Simon Baz et Jessica Cruz sont les deux Green Lanterns qui protègent la Terre. Après une demi-douzaine d’épisodes passés à affronter des ennemis désormais classiques du Green Lantern Corps (à savoir les Red Lanterns), la série s’intéresse finalement à qui sont les deux personnes possédant les anneaux verts, d’où une tranche de vie plus humaine

Avant-Première VO: Review Green Lanterns #7Green Lanterns #7 [DC Comics]
Scénario de Sam Humphries
Dessins de Ronan Cliquet
Parution aux USA le mercredi 21 septembre 2016

Simon Baz a désormais un bras dans le plâtre mais il ne peut fuir ses responsabilités, à savoir sa famille. De l’autre côté sa partenaire Green Lantern, Jessica Cruz, a des crises d’anxiété dès qu’elle est obligée de faire de faire face aux autres. Si bien qu’entre le type sociable, dans une logique familiale et la solitaire il y a un équilibre à trouver. Et c’est plutôt bien vu de la part de Sam Humphries d’explorer ce côté « vie civile » des deux héros car il faut bien dire que les différentes séries Green Lantern, absorbées par les guerres entre les couleurs d’anneaux, ont prêté assez peu d’attention à ce côté terrestre depuis le moment où Hal Jordan avait été débarqué du Corps, au moment du reboot de 2011. La récente série Green Lantern nous a bien proposé, vers la fin, une réunion de la famille Jordan mais c’était surtout pour que le protagoniste s’épanche sur le fait qu’étant devenu surpuissant il ne pouvait plus guère avoir une vie normale. Rien de comparable au repas que Simon Baz tente de préparer dans ce numéro. Par la même occasion le fait que Simon Baz ait des origines libanaises avait été abordé pendant deux épisodes suivant son introduction puis, plus rien… C’est là aussi une séance de rattrapage bienvenue. Car à quoi bon créer des personnages supposés proposer une plus grande diversité si c’est pour passer sous silence leurs caractéristiques.

« If you wanted to run away, I was good to go twenty minutes ago ! »

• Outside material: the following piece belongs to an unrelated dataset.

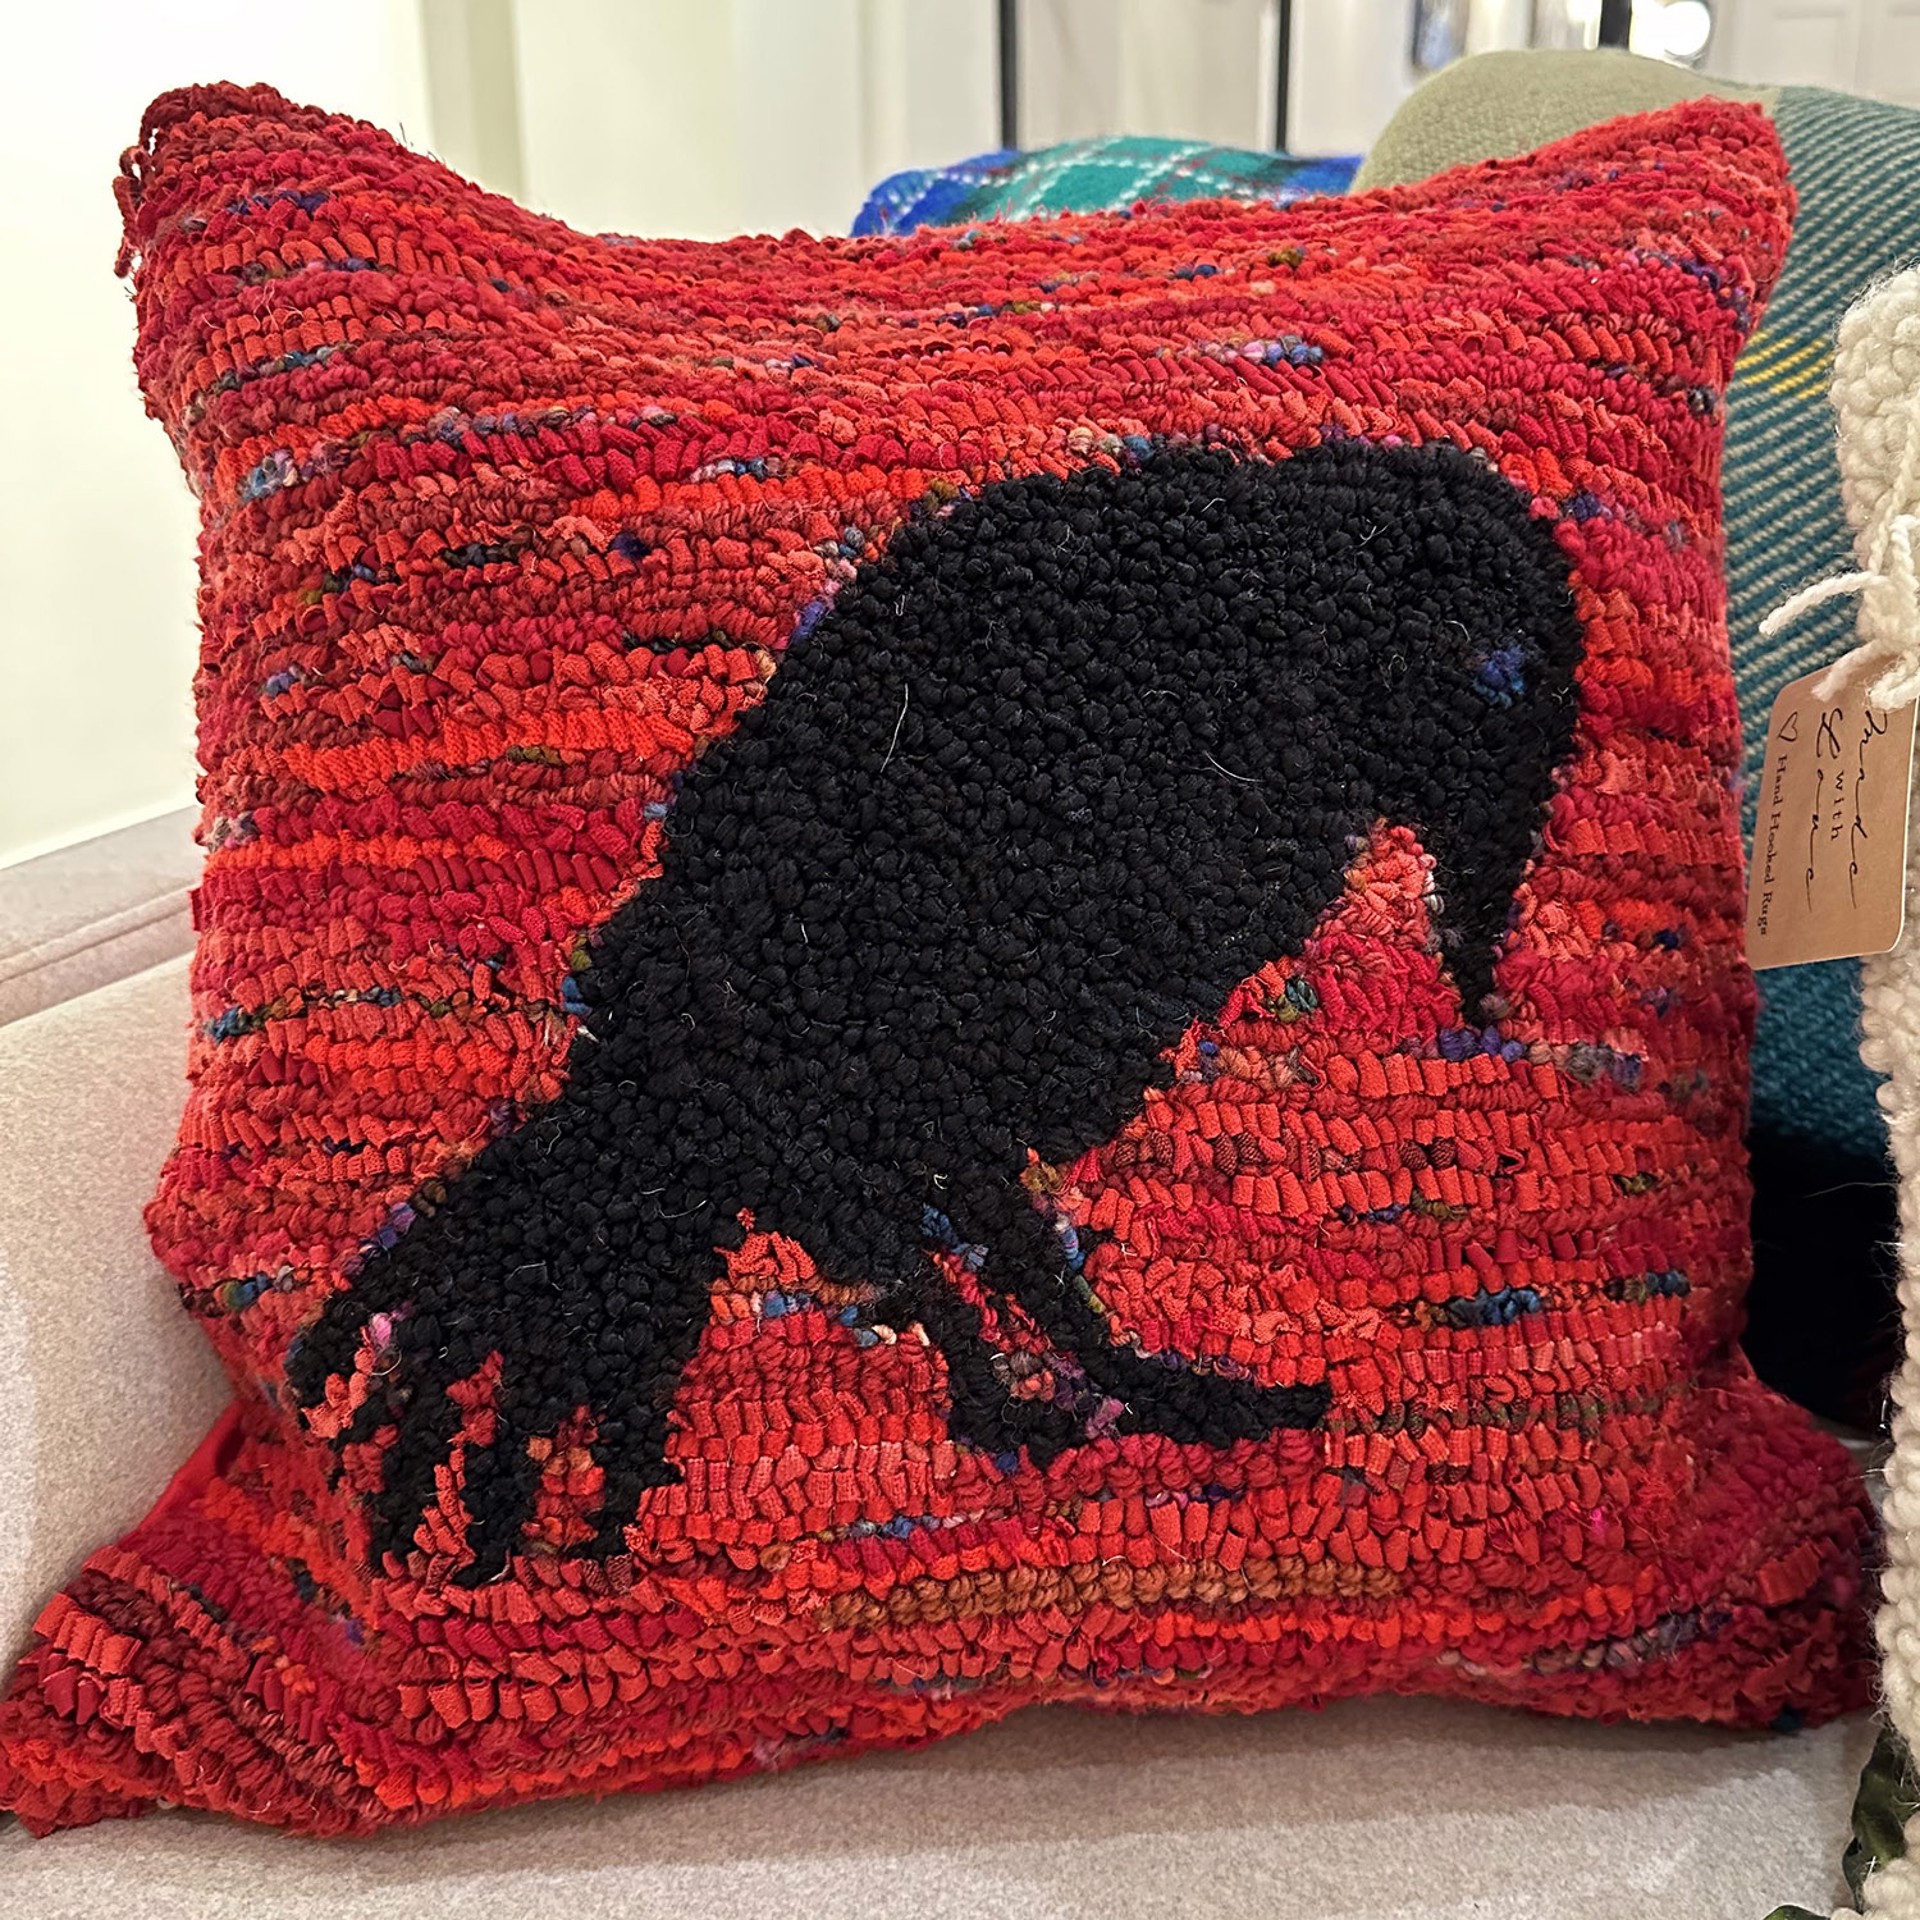 Crow Pillow 2 by Linda Smith

Inversement, si Sam Humphries va dans le sens de Rebirth et privilégie les relations humaines, on peut dire que par endroits il va vite en besogne. Comme le neveu de Baz qui désormais considère Jessica comme sa tante, alors qu’en théorie Simon et elle n’en sont pas à cette proximité et se connaissent à peine. Et dans le même ordre d’idée les deux Green Lanterns ont un peu trop de facilité à enfiler leur costume pour fuir leurs responsabilités sociales. On comprendra qu’il s’agisse de nous dire que Simon l’affable et Jessica l’anxieuse ne sont pas si différents que cela, mais se ruer dans le ciel dès qu’on n’arrive pas à faire un gâteau, c’est un peu comme si quelqu’un sautait sans sa voiture pour rouler sans but dès qu’il a un problème en cuisine. De son côté Ronan Cliquet dessine assez bien ces scènes de vie, avec un petit côté Jim Cheung à ses débuts. Le tout débouche sur une scène débordant de bons sentiments, où les questions se joue sur le goût d’un biscuit. Mais en même temps l’épisode nous propose au final un héros qui n’est pas un orphelin sauvage vivant dans une cave ou je ne sais quoi, qui nous épargne les mensonges à Tante May et ainsi de suite : un héros au sein d’une famille, ce qu’on ne voit pas si souvent dans les comics de super-héros.